ABOUT THIS TASK
Your job is to retype all of the data word for word, leaving every image out.

DATA SHOWN

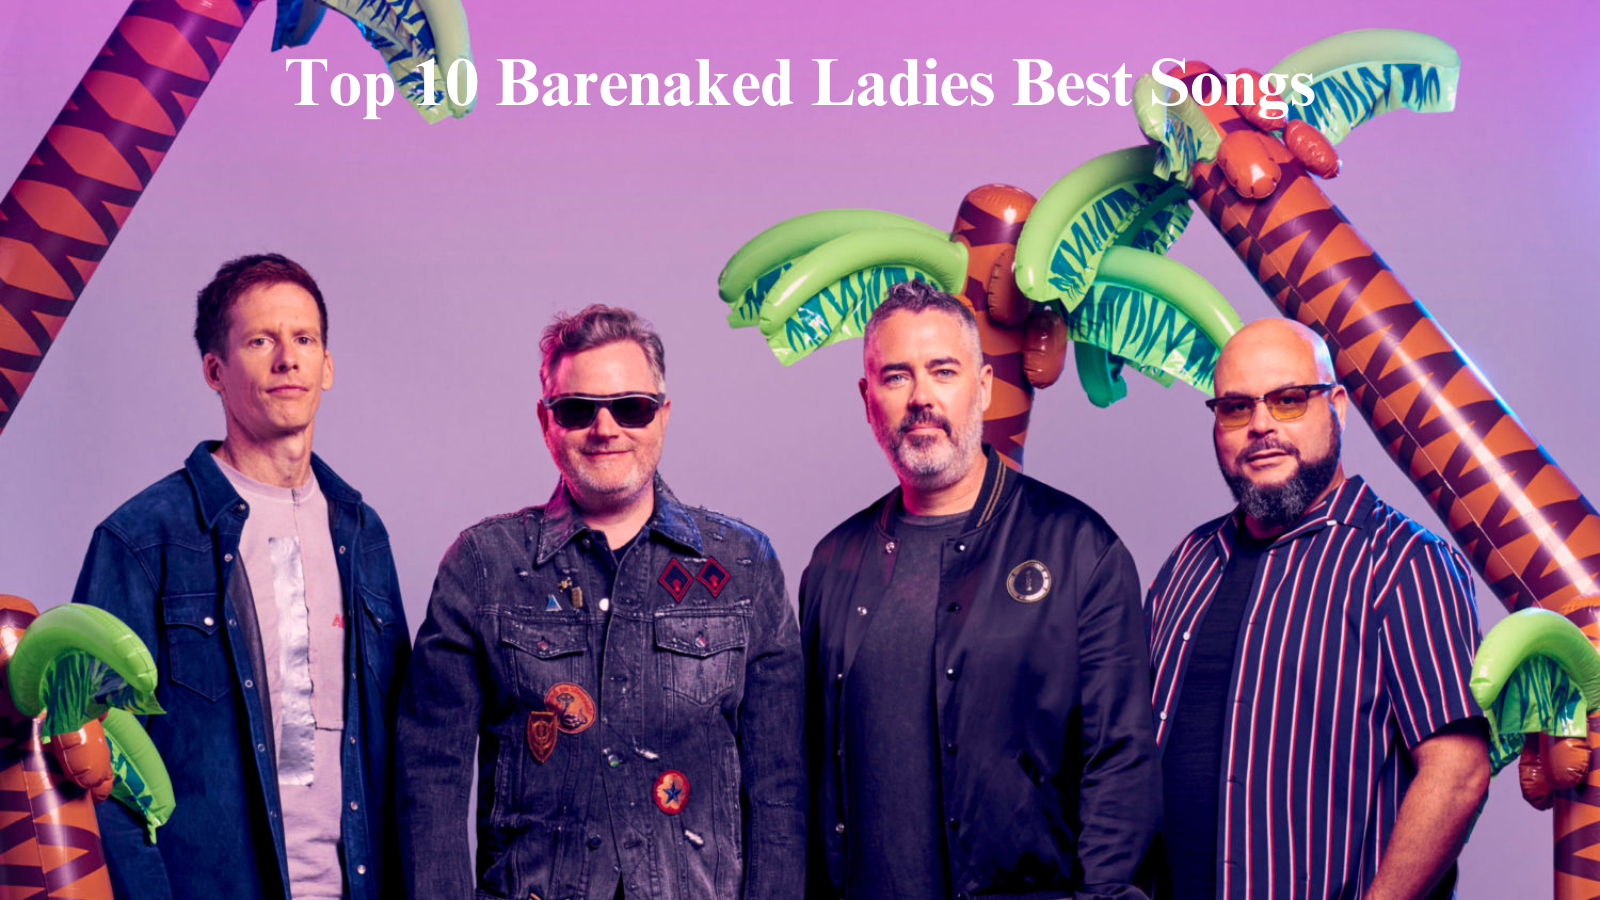 Top 10 Barenaked Ladies Best Songs
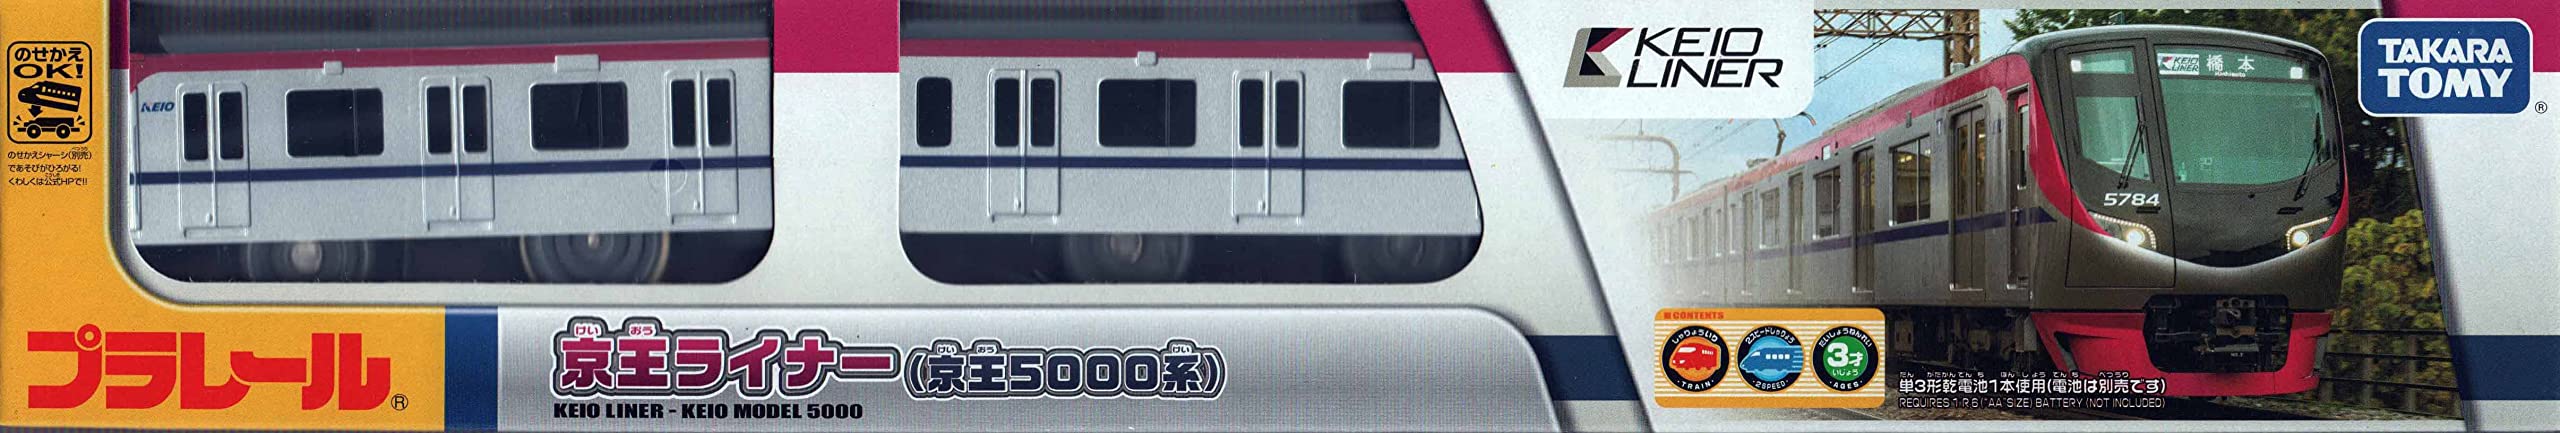 Takara Tomy Plarail Keio 5000 Series Liner Train Set
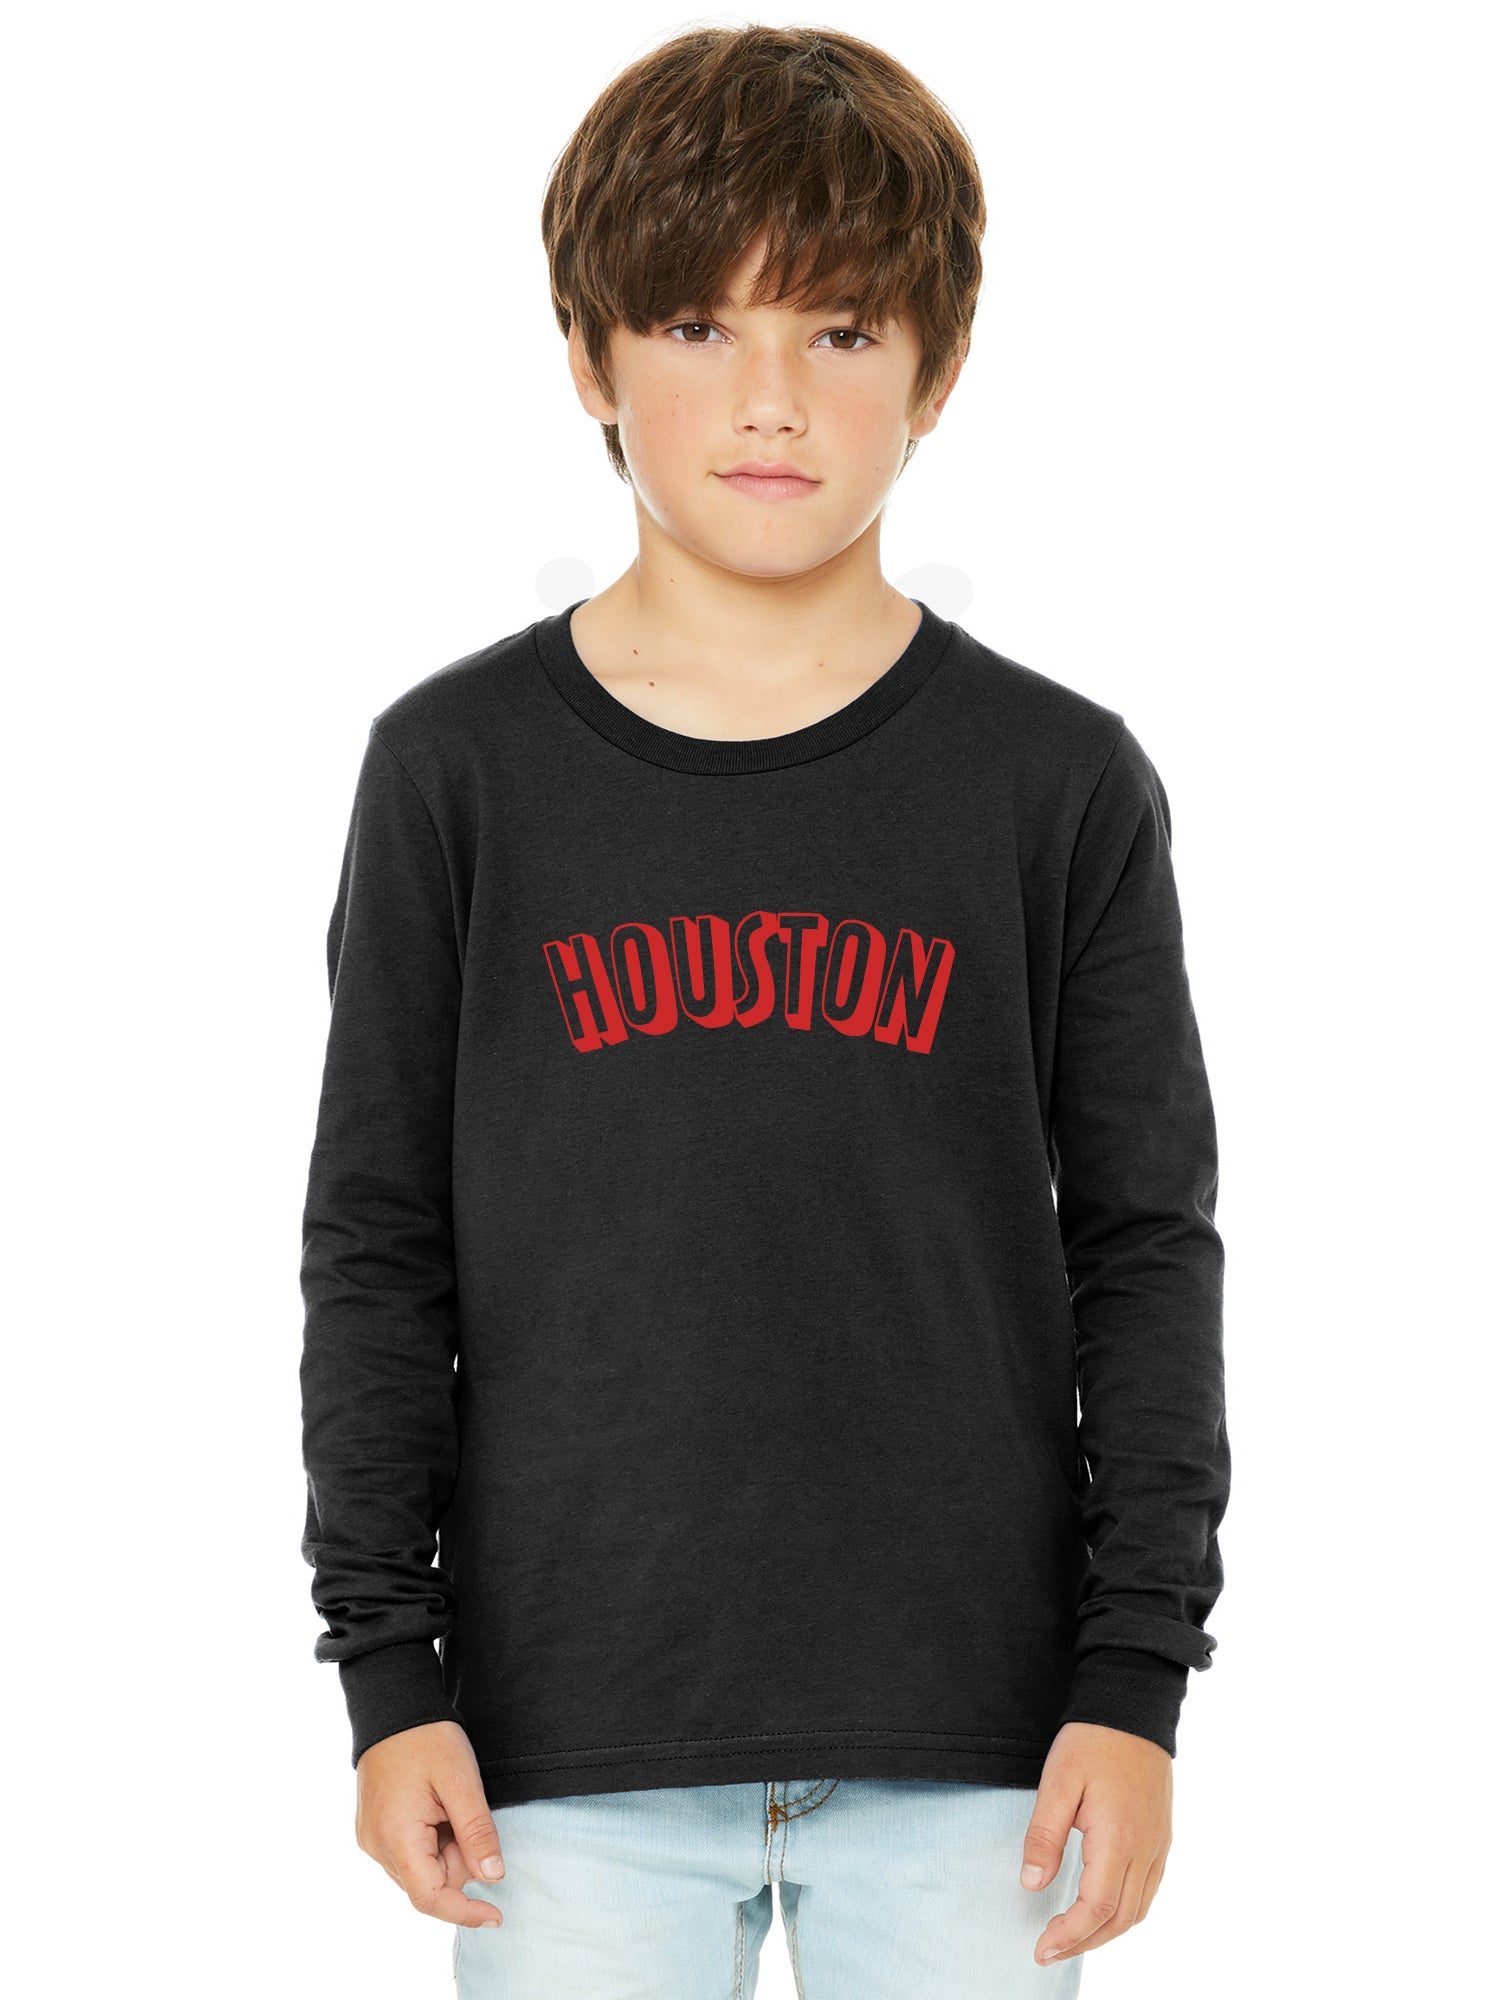 Houston Clothing

TASK RESULT
 Top 10 Barenaked Ladies Best Songs
 Takara Tomy Plarail Keio 5000 Series Liner Train Set
 Houston Clothing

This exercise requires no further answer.